I have a very close friend who invited me to stay with her family there. She lives in D.C., but she was going back and invited me back with her. And so, I spent two weeks there.
How did it make you more observant?
It was 2016. So there’s a Chabad in Kinshasa. It has a very eclectic mix of people. There were people doing security. There were Israelis doing contracting. And there was one
Ashkenazi guy. He runs a number of businesses, including department stores, the second-largest brewery in the country and a bunch of other things.
I did two Shabbats at the Chabad and for the second one, he invited me over to his house and we did Havdalah together [to mark the end of Shabbat and the
beginning of the week].
It was my first time doing Havdalah. And while I there, we had a long conversation on Jewish life and resources, kids and whatever else. And it left a very positive impression on me. Definitely did a lot of soul searching.
We have a lot of Jewish resources in D.C. that a lot of people don’t really take full advantage of. And that was part of the conversation this interaction had sparked. I wanted to be [more] involved with Jewish life and [then it was] figuring out how to make that work for myself.
What was your relationship to Judaism like growing up?

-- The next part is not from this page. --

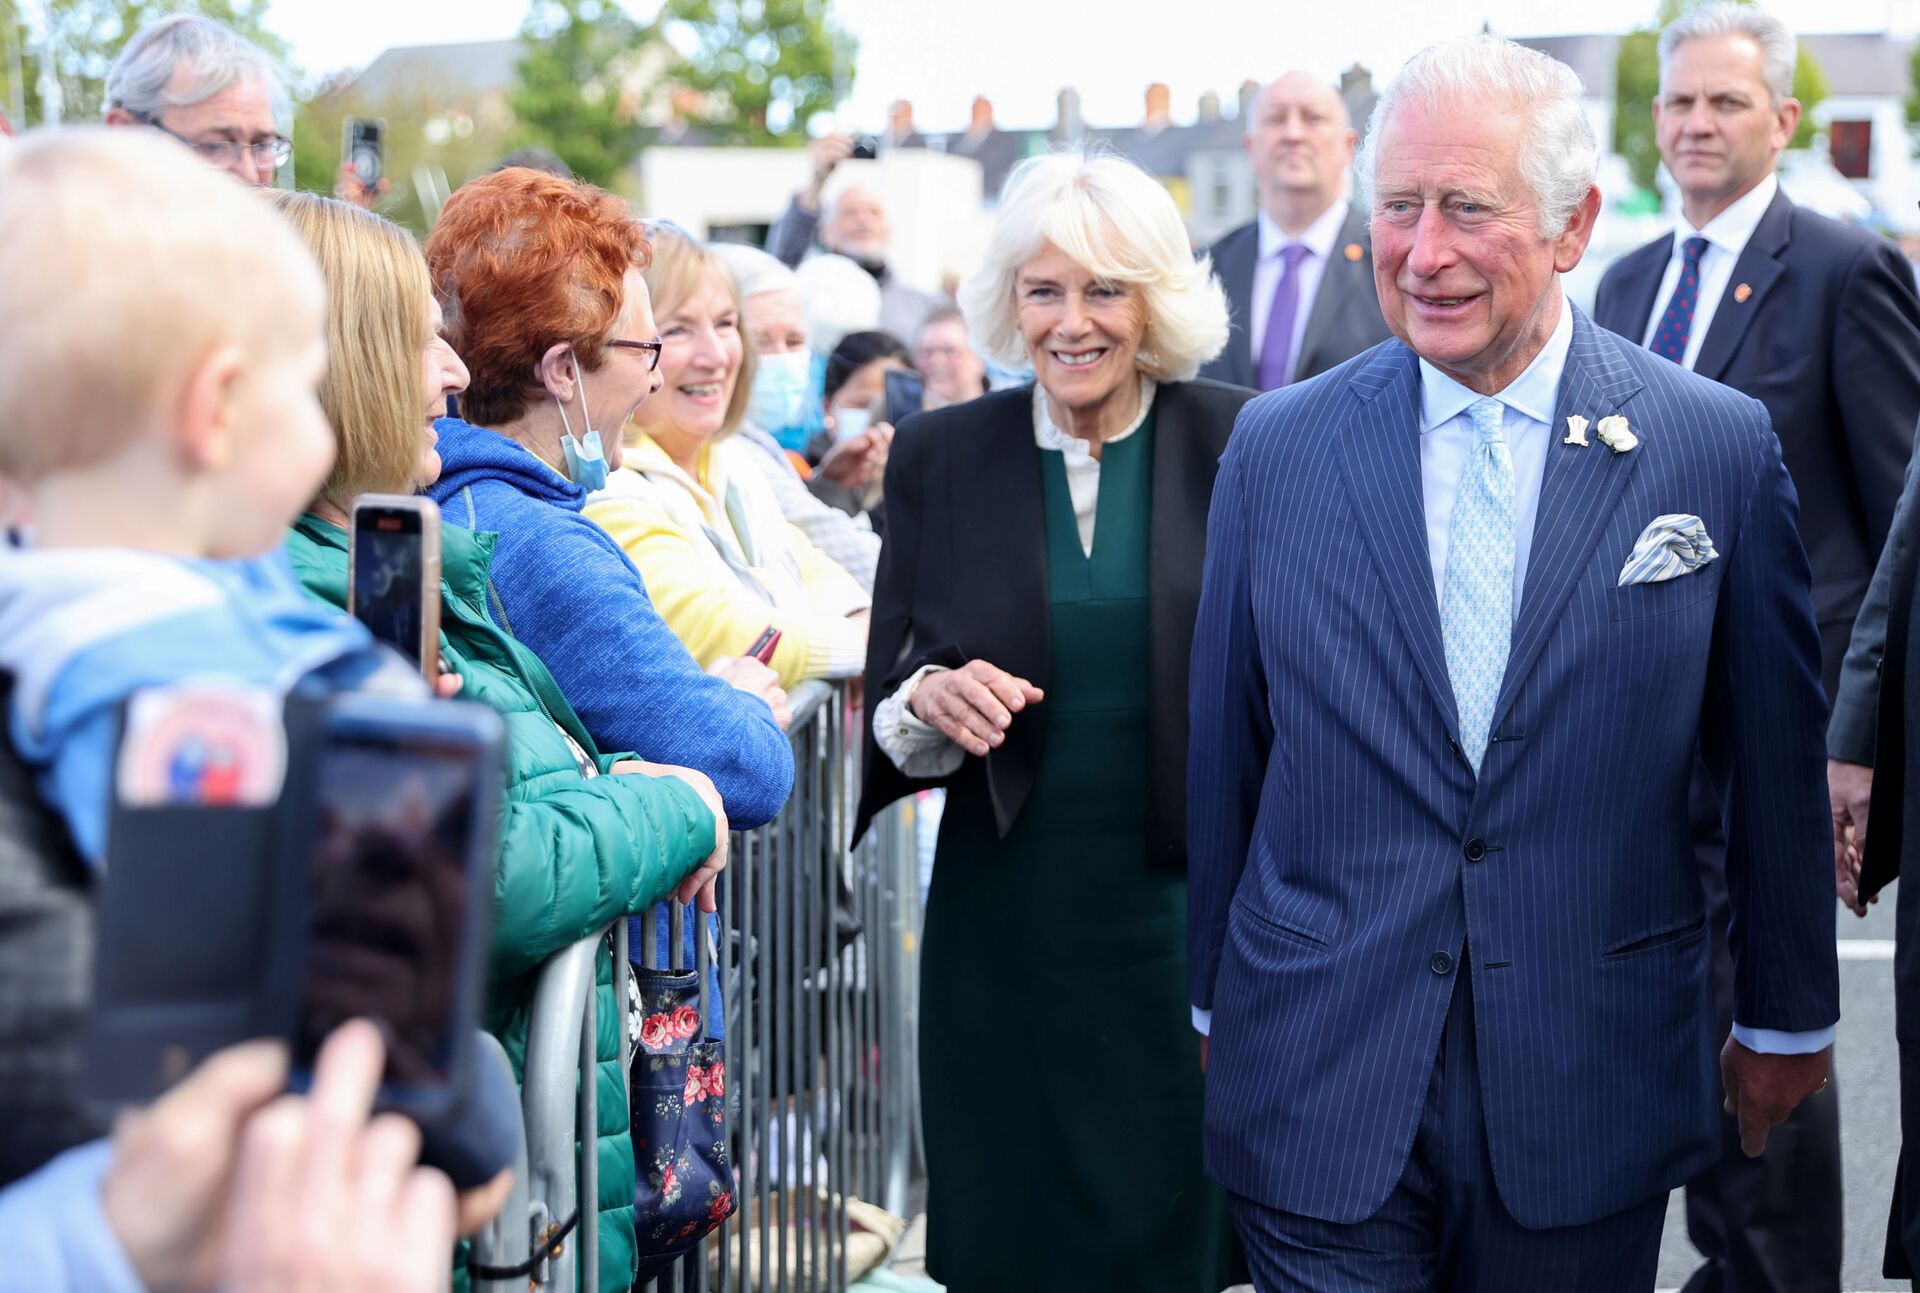 Britain's Prince Charles and Camilla, Duchess of Cornwall, meet well-wishers as they visit Bangor open air market, in Bangor, Northern Ireland, Britain May 19, 2021 - Sputnik International, 1920, 07.09.2021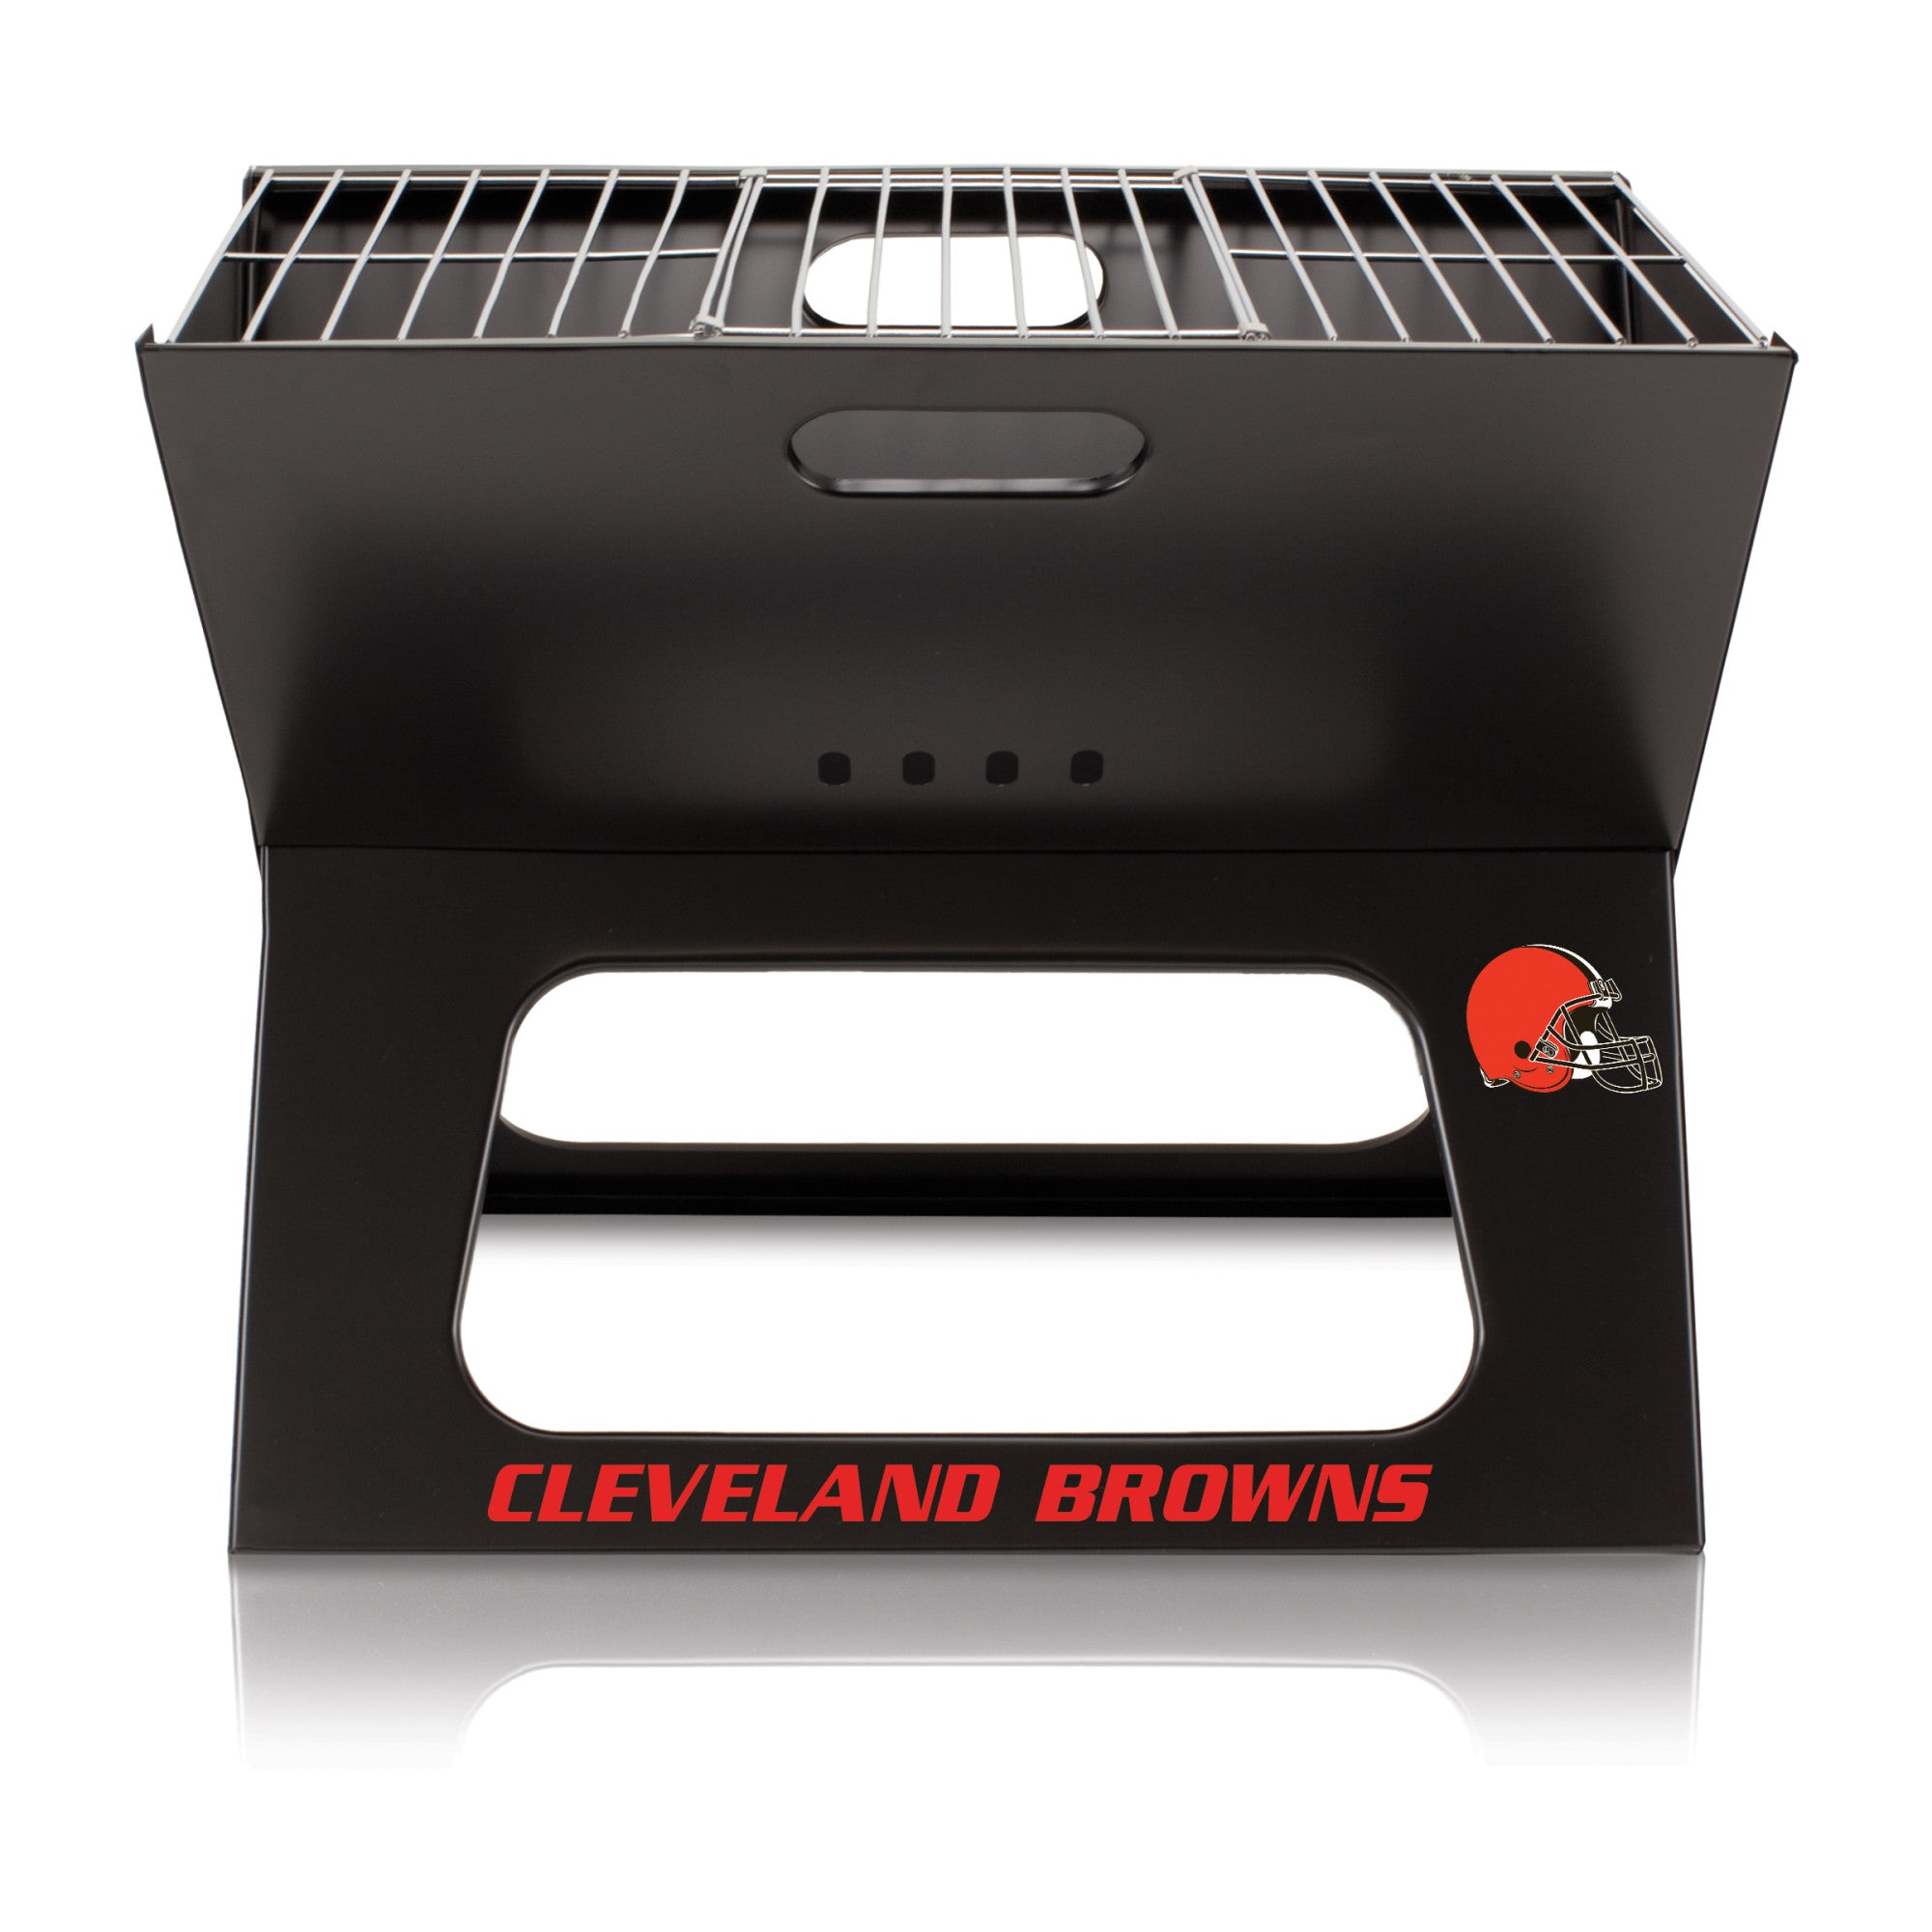 Cleveland Browns - X-Grill Portable Charcoal BBQ Grill

We had the occasional Shabbat dinner. I went to Jewish day school, but it was never anything my parents felt that should be incorporated in our day-today lives. I think a major difference after coming back from the Congo and having that conversation with myself was that I think these things are important and I want to practice them every day. And I want them to have a real relationship with me.
How is that working?
There are different milestones. And keeping kosher was the first thing. It happened about two years ago. I still eat [non-kosher] vegetarian now. A lot of people who keep kosher eat that as well. It’s sort of difficult in D.C. Shomer Shabbos [Shabbat observant] — it’s been over a year.
I haven’t set goalposts for myself. It’s just when I felt like I was ready to incorporate something different, I just did it. I moved into an apartment and I said I wanted to be shomer Shabbos in this apartment.
It so happened both my roommates were there already, and so it really worked out that they were able to help me. Being in an environment where you’re keeping these roles with other people and [are in a] sphere with other people who are in the same boat as you are [helps.]
Are you going back to Africa?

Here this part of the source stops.